The triennial meeting of the Commonwealth Ministers of Education takes place in Edinburgh
at the end of this month (October 27th – 29th). High on the ministers’ agenda will
be how poor member countries in Africa and Asia can meet their ‘education for all’
targets for universal primary education by 2015. Missing altogether will be discussion of how private education
can help. Some might wonder why this is an issue – after all, isn’t private education only about the elites
and middle classes? Actually no. In the urban slums and villages in developing countries increasing number of poor parents
are sending their children to private schools – with fees of $2 per month or less, run by educational entrepreneurs
who want to serve their communities, as well as make some money.
My research has found such schools in battle-scarred buildings in Somaliland, in the shanty towns
built on stilts above the Lagos lagoons in Nigeria, scattered amongst the tin and cardboard huts of Africa’s largest
slum, Kibera, Kenya, in the crowded slums and villages across India and even in remote Himalayan regions of China. And these
schools are not some minority pursuit - in the Indian city of Hyderabad,
for instance, official figures show 61% of all children attending private unrecognized schools, and in the slum areas I’ve
found the figure to be even higher – with 80% of the poorest families going private.
Everyone in development circles knows about this now. Curiously, there is a blinkered refusal to
think through its implications. Oxfam’s Education Report for instance, is quite explicit that private schools
for the poor are emerging, and that these schools are superior to government schools for the poor. But then it repeats the
same old mantra, that ‘there is no alternative’ but blanket public provision to reach education for all. Why on
earth not? The World Bank is funding the provision of free primary education in Kenya
to the tune of $80 million, but suburban state schools get the funding, the slum private schools none. The British Department
for International Development (DfID) is pouring money into government education in West Africa;
simultaneously a mass exodus of poor parents is fleeing the state sector to send their children to private school.
Why are parents paying fees when state schools are free? It’s because of the failure
of state schools across Africa and Asia. For instance, the Indian government
approved Probe Report paints a disturbing picture of the ‘malfunctioning’ of government
schools for low-income families. When researchers called unannounced on their random sample, only in 53 per cent of
the schools was there any “teaching activity” going on. In fully 33 per cent, the head teacher was absent. Significantly,
the low level of teaching activity occurred even in those schools with relatively good infrastructure, teaching aids and pupil-teacher
ratio. Indeed, says the report, “it has become a way of life in the profession.”
Significantly, the Probe Report concedes that such problems were not apparent in the private schools
serving the poor. In the great majority – again visited unannounced and at random – there ‘was feverish
classroom activity’. So much so, that the majority of parents reported that ‘if the costs of sending a child
to a government and private school were the same, they would rather send their children to a private school.’
And what’s true for India is increasingly true for countries across
Asia and Africa.

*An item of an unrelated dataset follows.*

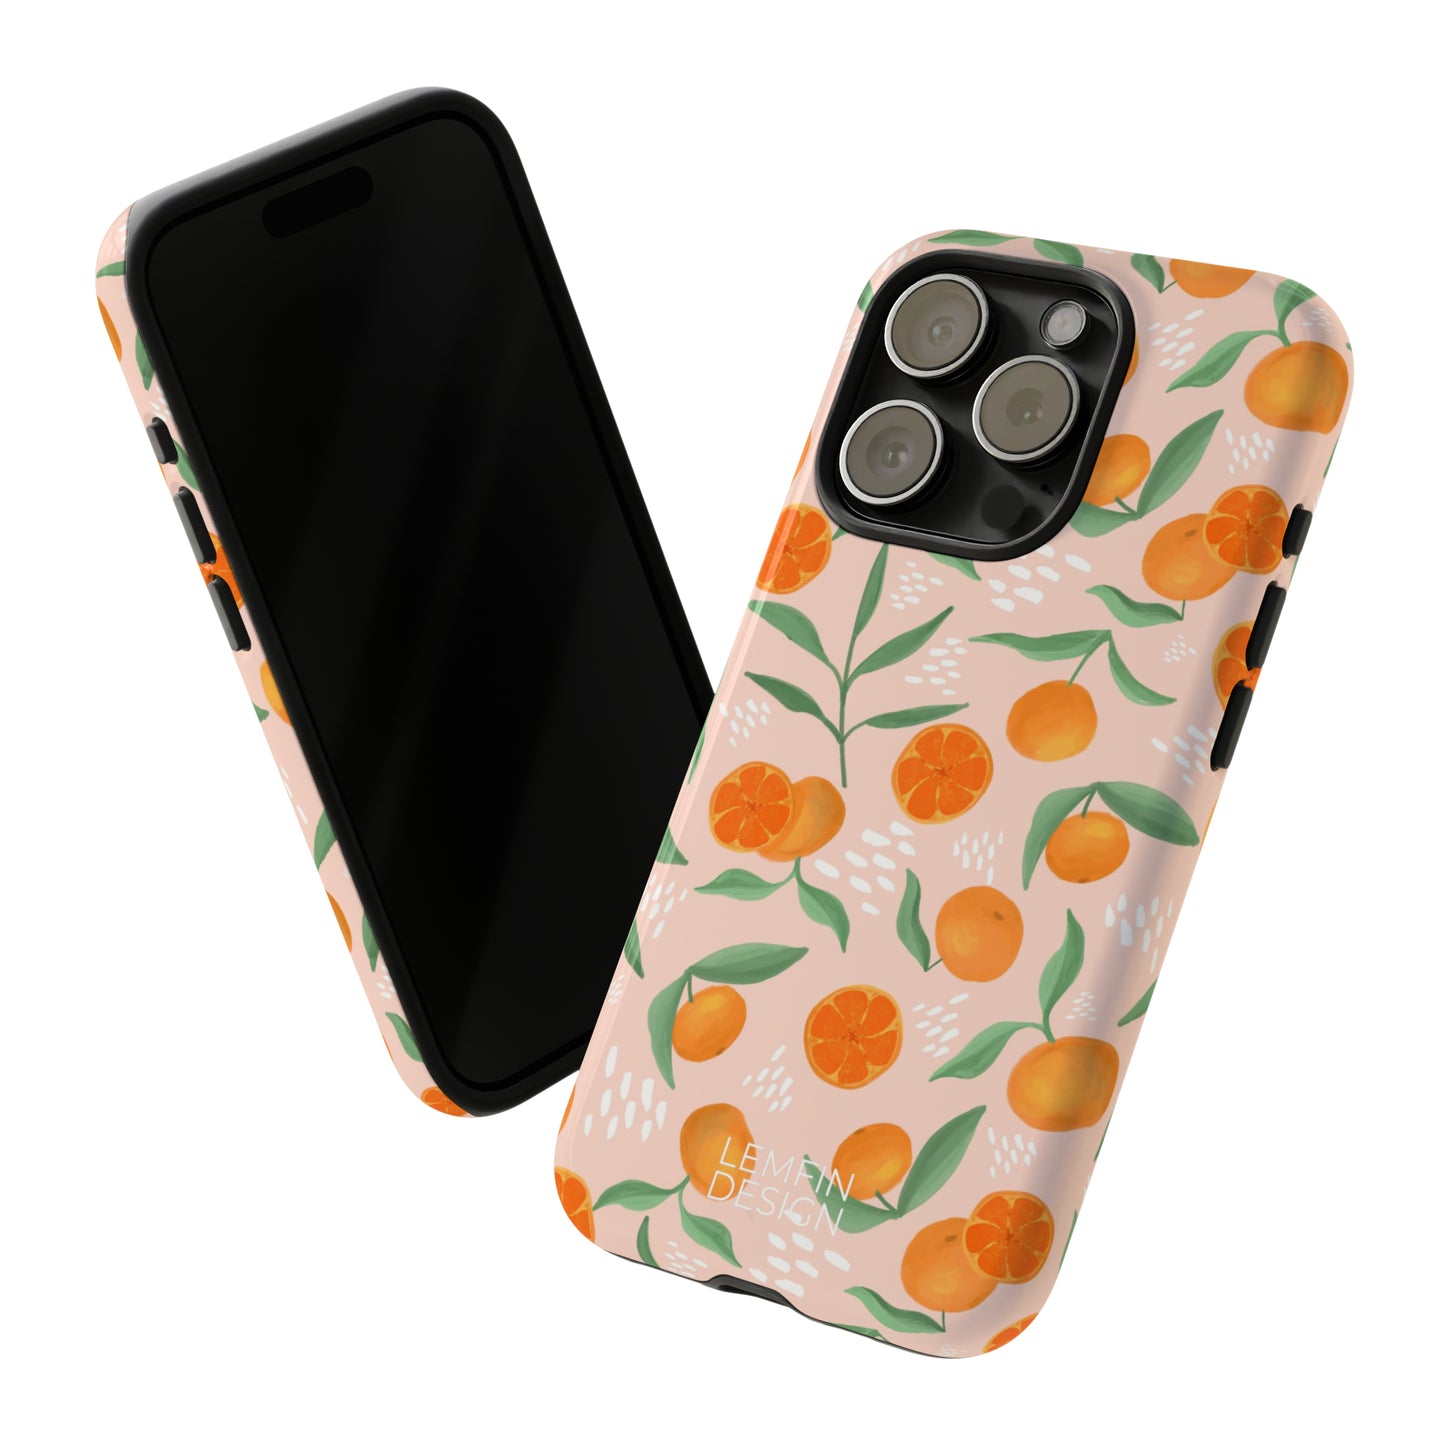 Mandarins| Pink background phone case

Oxfam agrees: its Education Report points out the ‘inadequacies
of public education systems’ that ‘have driven many poor households into private systems’ across the developing
world. Especially it cites government teacher absenteeism to be the reason why poor households choose to send their children
to the private alternative.
What is the main advantage that private education has over state schools? The Probe Report put
it succinctly: accountability. The private schools, the report said, were successful because they were more accountable:
‘the teachers are accountable to the manager (who can fire them), and, through him or her, to the parents (who can withdraw
their children)’. Such accountability was not present in the government schools, and ‘this contrast is perceived
with crystal clarity by the vast majority of parents’.
It’s time the implications of this were thought
through, not swept under the carpet like the Commonwealth education ministers will be doing. If poor parents are en
masse voting with their feet, taking their children out of the state system into private education, why is the only message
from the development experts that they should be dragged back, kicking and screaming, into the government schools? Why
instead isn’t there an exploration of ways in which private schools for the poor can be helped, through loan schemes
and low-cost school improvement packages? Why aren’t development experts poring over ways to make the private schools
even more accessible, through public and private vouchers? These are the questions that need to be put to the Commonwealth
education ministers as they gather in Edinburgh. Poor
parents have made their preferences clear. They want schools that are accountable to them, where teachers turn up and teach.
They want private schools. It is time the politicians caught up with them.
James Tooley is professor of education policy at the University
of Newcastle Upon Tyne. He is directing research funded by the John Templeton
Foundation on private schools for the poor in Africa and Asia.